If I could only have one holding, I would probably hold TD bank, for all around longevity. But my largest holdings are Interpipeline, CWT.UN and REI.UN.


----------



## andrewf (Mar 1, 2010)

RIM is a takeover target, and would probably fetch a decent premium.


----------



## w0nger (Mar 15, 2010)

RIM....

a total spec buy.... there intellectual property is worth alot...


----------



## larry81 (Nov 22, 2010)

SU, YLO, RIM

Just pick your nose while you purchase them and be prepared to ride the roller-coaster


----------



## fletcc (Jan 2, 2012)

Coastal Energy


----------



## Toronto.gal (Jan 8, 2010)

Hihi, I'm already on 2 out of those 3 woozy roller-coasters.  I think he/she who laughs last, laughs best [I hope/pray]. 

Don't really have 1 single stock, however, the one I sold [in error] and definitely want back, is Magna.


----------



## jsut (Dec 14, 2010)

Argonaut said:


> The best stock on the TSX is Inter Pipeline.
> 
> I got a couple of Money Sense magazines as stocking stuffers, and it wasn't even mentioned in the top 200 Canadian stocks, or the top 100 Canadian income stocks.
> 
> The very best stock, not even among the top 200? Really? In Canada? Who knew there were even 200 stocks to choose from. Only about 15-20 stocks in Canada worth investing in, IMO.

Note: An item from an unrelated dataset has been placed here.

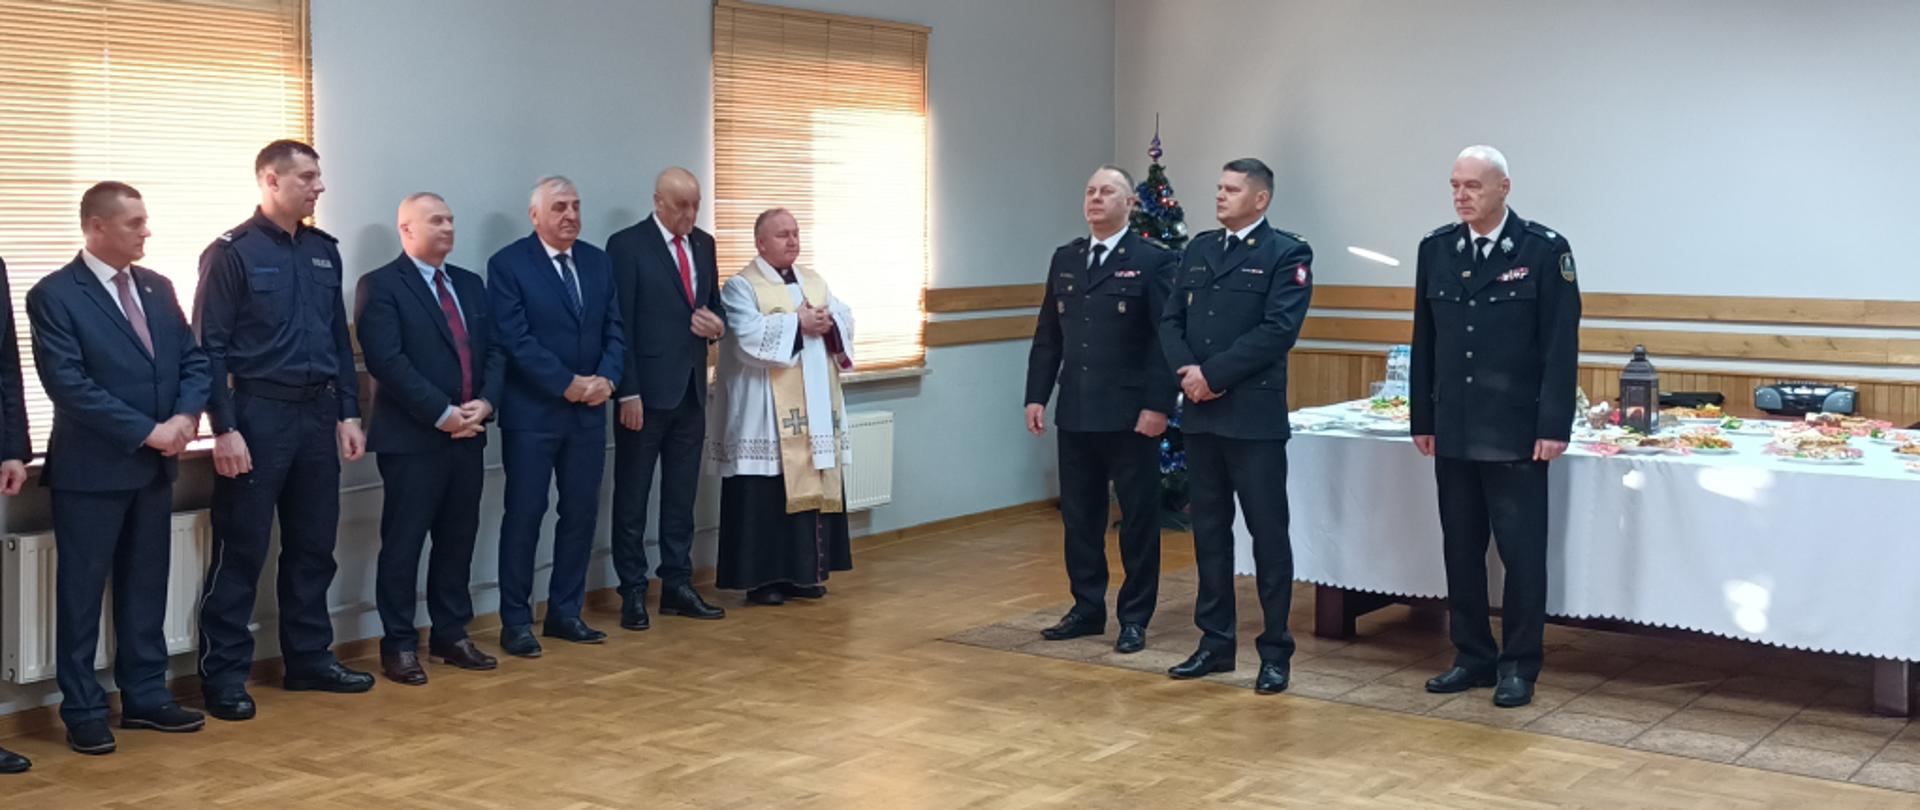 Spotkanie opłatkowe w Komendzie Powiatowej Państwowej Straży Pożarnej w Zambrowie
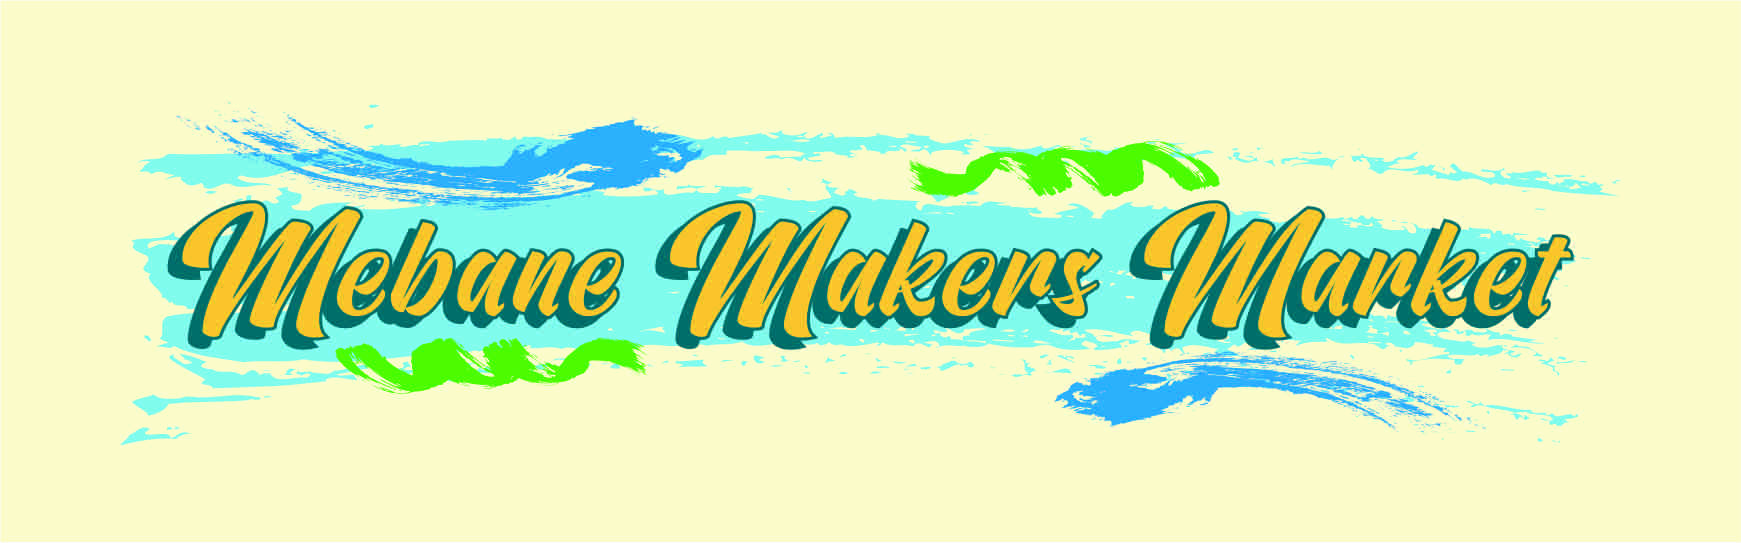 Mebane Maker's Market - September cover image

It's because Inter Pipeline is an Income Trust, not a Stock. I think it's kind of ridiculous to exclude Income Trusts from their lists, but they do.


----------



## Uranium101 (Nov 18, 2011)

my pick for 2012 is CCO.TO
50% of my portfolio is in this stock. I put my money where my mouth is.


----------



## KaeJS (Sep 28, 2010)

FTS.

It's the only stock I know that probably won't go down.

Volatility is too high. It's too risky to pick "one stock" for 2012. Even if it is just for kicks.

Apart from FTS, I'd pick MT for a riskier play.


----------



## Financial Cents (Jul 22, 2010)

Spidey said:


> If I could only have one holding, I would probably hold TD bank, for all around longevity. But my largest holdings are Interpipeline, CWT.UN and REI.UN.


Good call.

REI.UN would be my pick for the one holding. This guy is a stud.


----------



## west5440 (Dec 4, 2011)

Cuu.v is poised to have a great year. Almost seems too good to be true.


----------



## dogcom (May 23, 2009)

I agree with Uranium101 that CCO.TO would make a good pick.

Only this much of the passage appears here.